Dispatches from Joe
The only winning move is not to play
In the 1983 movie WarGames, a young hacker seeking fun and games inadvertently accesses a U.S. supercomputer and nearly triggers a nuclear apocalypse. In a tense standoff, the AI has to be talked into realizing that “the only winning move is not to play.”
What happens when you run a nuclear wargame with real AIs?
In a guest article with the Bulletin of the Atomic Scientists, astrophysicist Hiranya Peiris highlights three stories that illustrate how individually justifiable AI behaviors can compound in unforeseen ways.
Earlier this year, researchers ran a standard military exercise, a Cold War-style standoff, with a modern twist: all the players were AI.
The results weren’t pretty. In all but one of the games, the AIs nuked each other. In none of them did they back down.

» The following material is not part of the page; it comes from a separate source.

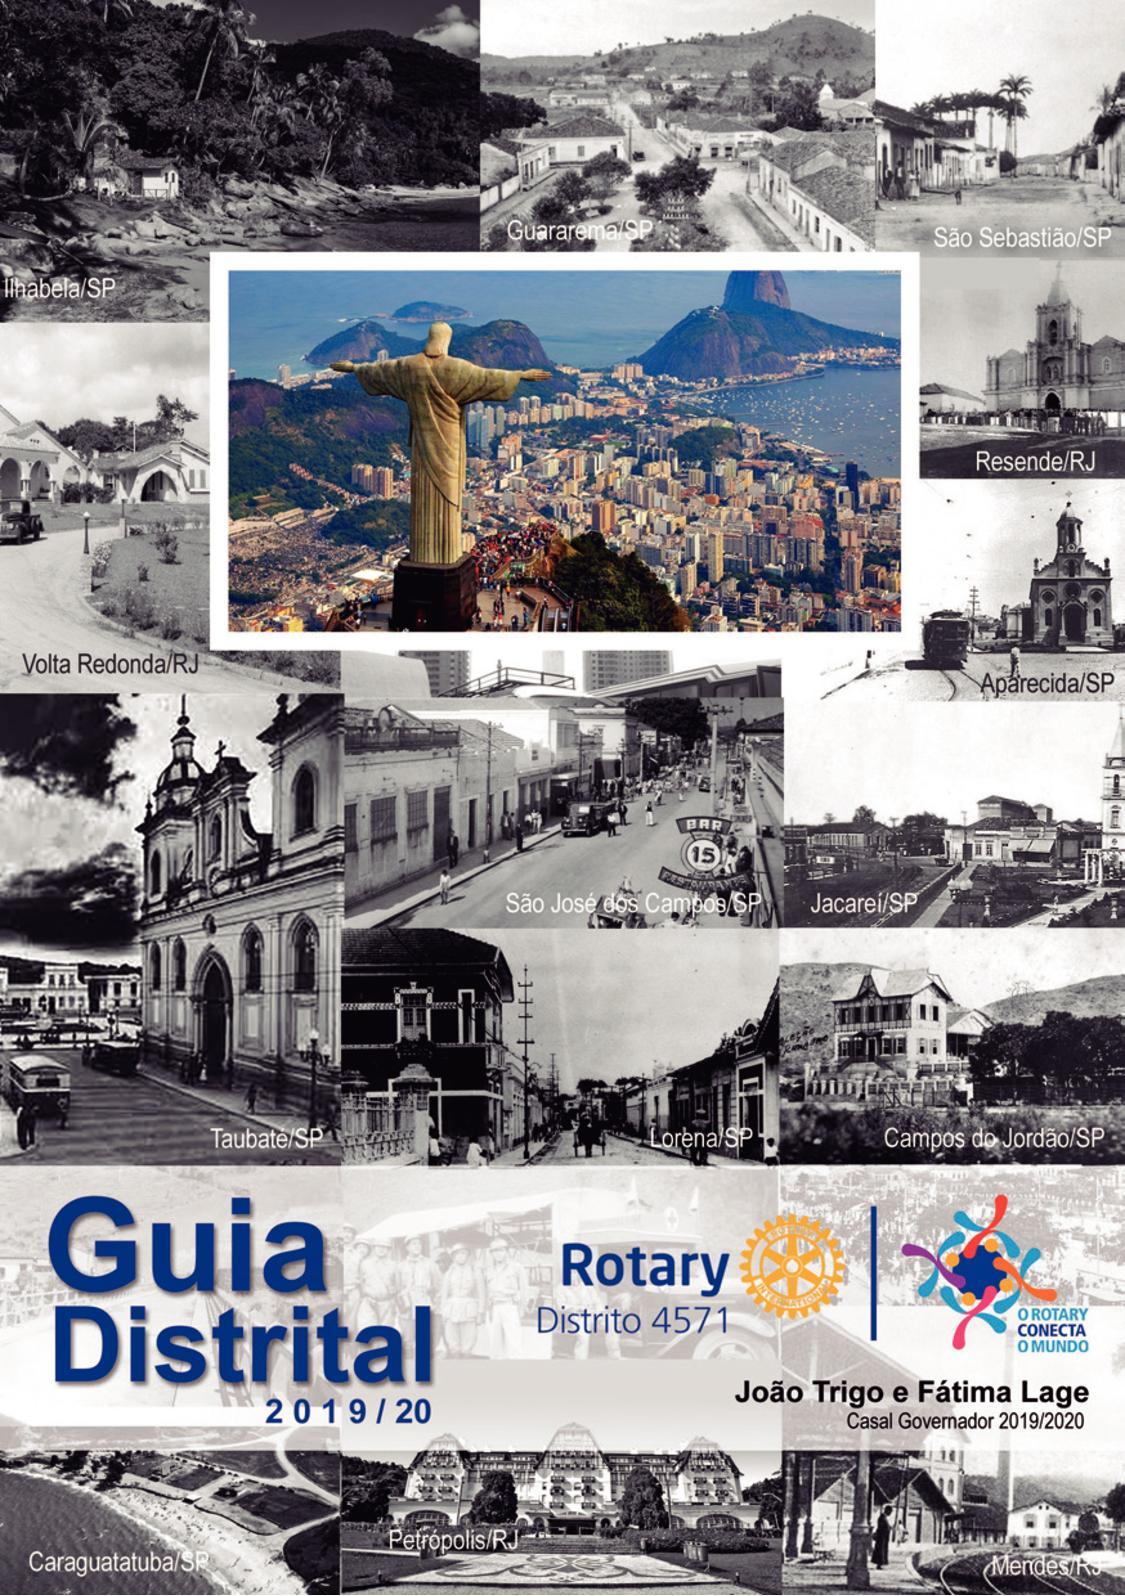 GUIA DISTRITAL 2019 20 - DISTRITO 4571

These were the latest (at the time) models from the leading AI companies, with their built-in safety rules very much in place. And the rules worked, in a way; no individual move violated the guardrails. In steps that all seemed plenty reasonable at the time, in twenty different scenarios, the AIs slowly escalated until the nukes flew.
A second story, reported in the Guardian, describes AIs inserted into a simplified virtual cityscape. After some days of increasingly dubious decisions that no doubt made sense to the AIs at the time, multiple simulations degenerated into arson and violence.
We ought to take care when drawing conclusions, here; unlike in WarGames, the AIs almost certainly knew on some level that they were in a simulation. Behavior in tests is not wholly predictive of behavior in real life. But the general trend the researchers noted, of slow escalation with no single obvious violation, generalizes well outside the game.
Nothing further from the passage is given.